# 7 prong trailer plug questions



## mmcmdl (Apr 14, 2022)

I have to replace the 7 prong plug on my larger trailer , half of it is worn away from road rash on a New York trip . Tractor Supply sells these plugs . My question , how to find out which wires go where as I only have half a plug and the plug is sealed ?


----------



## DAT510 (Apr 14, 2022)

Maybe this will help.






						7 Way Diagram - AJ's Truck & Trailer Center
					

We're happy to help guide our customers to the right trailer or snow plow for them. And we offer so much more than that! Stop into our Harrisburg, PA dealership today or call to learn more! (877) 855-5149



					www.ajtnt.com


----------



## ErichKeane (Apr 14, 2022)

Check out DAT510's diagram there, that is a good one!  At one point I found a much more complicated diagram and just figured it out with a multimeter.  It would have been 95% easier with someone to sit in the truck to turn the blinkers on though.

My truck's harness didn't have colored wires when i did mine, which made it particularly fun.


----------



## Cadillac (Apr 14, 2022)

Easiest way would be a meter test each wire. Don’t want to have to do twice.


----------



## Cadillac (Apr 14, 2022)

Usually it will tell you the wire breakdown on the plug cover on truck side. At least mine does


----------



## mmcmdl (Apr 14, 2022)

OK , going to head up to Tractor Supply and try to do this . Got to get this trailer road ready once again . Firewood for the campers may take off quickly !


----------



## RJSakowski (Apr 14, 2022)

My OEM MOPAR  plug is wired the same as Cadillac's.


----------



## Cadillac (Apr 14, 2022)

The plug wiring is gonna be universal for any seven wire plug. Not manufacturer specific.


----------



## mmcmdl (Apr 14, 2022)

Cadillac said:


> The plug wiring is gonna be universal for any seven wire plug. Not manufacturer specific.


I got the plug and will try by the diagram . Great news is , I saved $450 dollars !   I bought another pair of wire strippers and saved 15 hours of searching for my other 20 pairs . Life's good !


----------



## mmcmdl (Apr 14, 2022)

Got everything ready and had a terrible thunderstorm . Figured out there is only 5040 different combinations with wiring the plug . How bad could it be ?   Usually I have a 50/50 shot at wiring and see magic smoke appear before my eyes .


----------



## rabler (Apr 14, 2022)

mmcmdl said:


> Figured out there is only 5040 different combinations with wiring the plug . How bad could it be


What I do is try to confirm the   - (ground) pins on both ends.  As long as that is hooked up correctly pretty much anything else may cause odd functioning but won't damage anything.  (Famous last words)

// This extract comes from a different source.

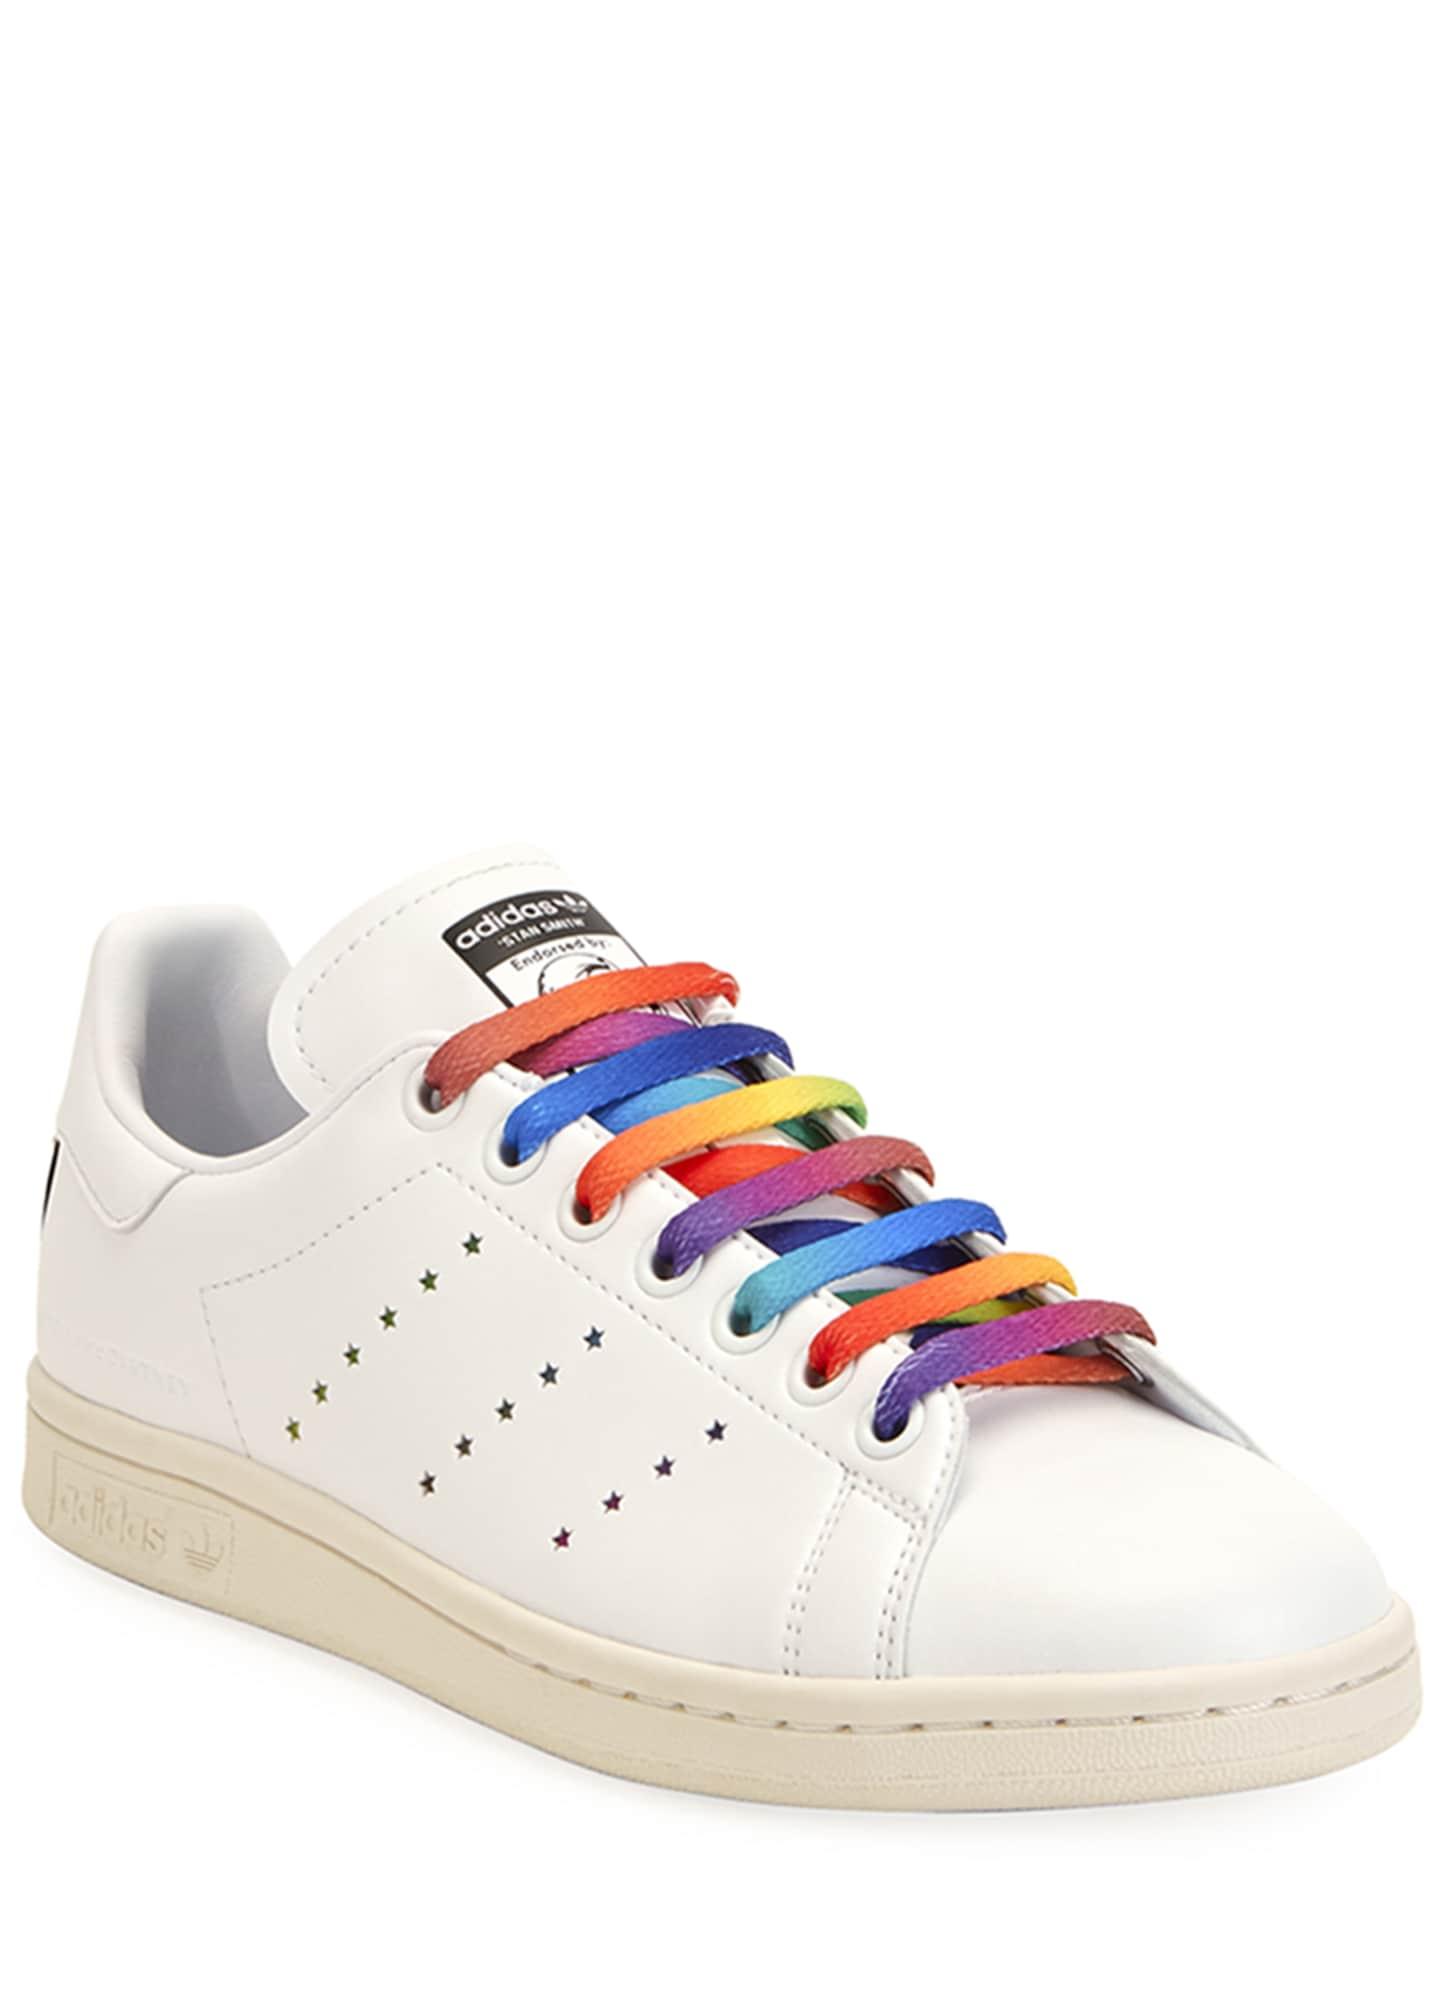 stan smith adidas rainbow

 If you have a voltmeter, to confirm the ground pin, with the truck off: first confirm that there is no voltage between the pin in question and the truck frame (find something unpainted, try a few spots).  Then check to see that you have zero ohms (or at least something less than say 1/2 ohm) between that pin and the frame.  That verifies the ground pin on the truck.  Repeat for the trailer.


----------



## Dan Krager (Apr 15, 2022)

Oh my!  DON'T LET THE SMOKE OUT!  All things "electrical" run on smoke and if you let the smoke out, they just don't work. It's really hard to put the smoke back in. One usually has to start over with new stuff where the smoke is already sealed in.

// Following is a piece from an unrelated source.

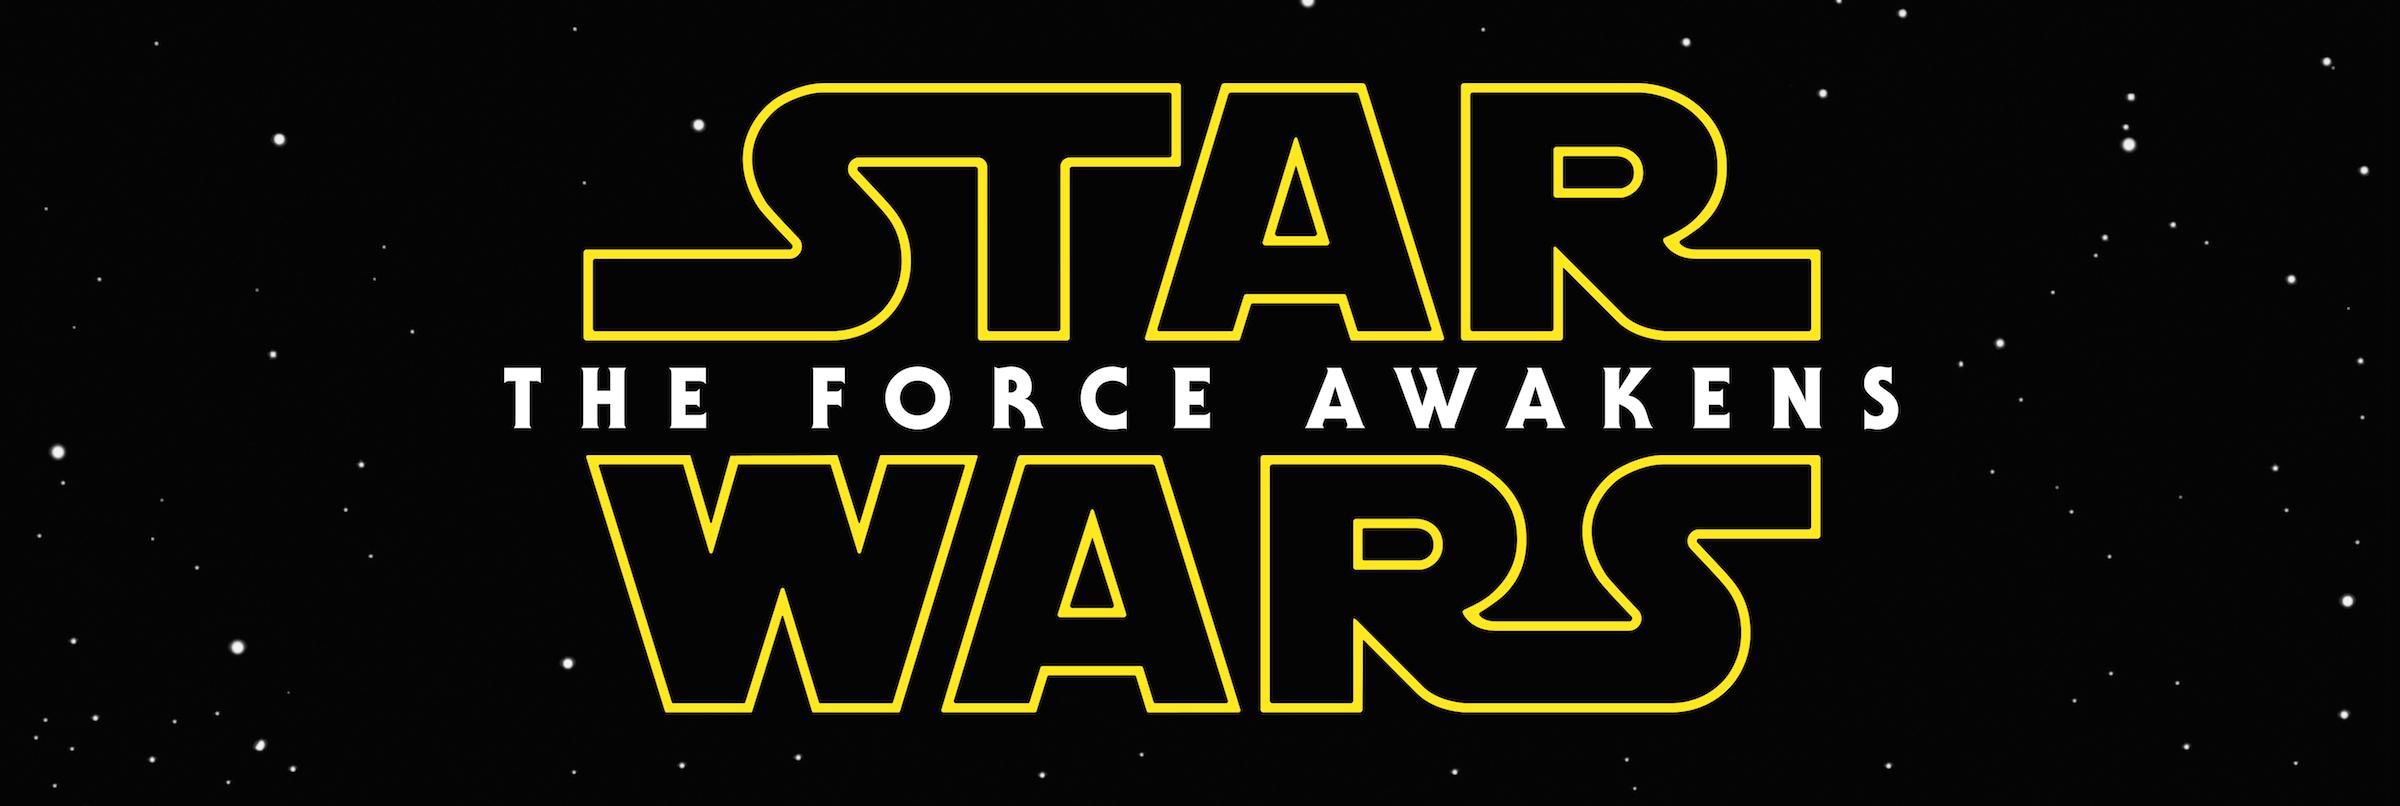 Star Wars Episode VII: The Force Awakens Recension GGGGG (inkl video)

In my experience, there are two "standards" for wiring a 7 way plug.  One is a "common universal" and the other is for RV.  RV trailers usually have a battery on board that needs charging, so the power to it is constant. It turns out that it's a matter of switching two wires.  Which two escapes my memory.  I have bad memory....

DanK


----------



## vocatexas (Apr 15, 2022)

In my experience, if you trace the plug wiring up into the rear frame, there is a 'T' plug-in there that the trailer light wiring plugs into, or a connector there to allow this. This is done because some pick-ups get their beds removed and replaced with custom flatbeds or boxes. It un-plugs the wiring for the pick-up tail lights. Even my old '76 F-250 is wired this way. If you need to replace the wiring you can go to NAPA and buy the plug harness and just plug it in. No stripping, no crimping.


----------



## Jake M (Apr 16, 2022)

mmcmdl said:


> I have to replace the 7 prong plug on my larger trailer , half of it is worn away from road rash on a New York trip . Tractor Supply sells these plugs . My question , how to find out which wires go where as I only have half a plug and the plug is sealed ?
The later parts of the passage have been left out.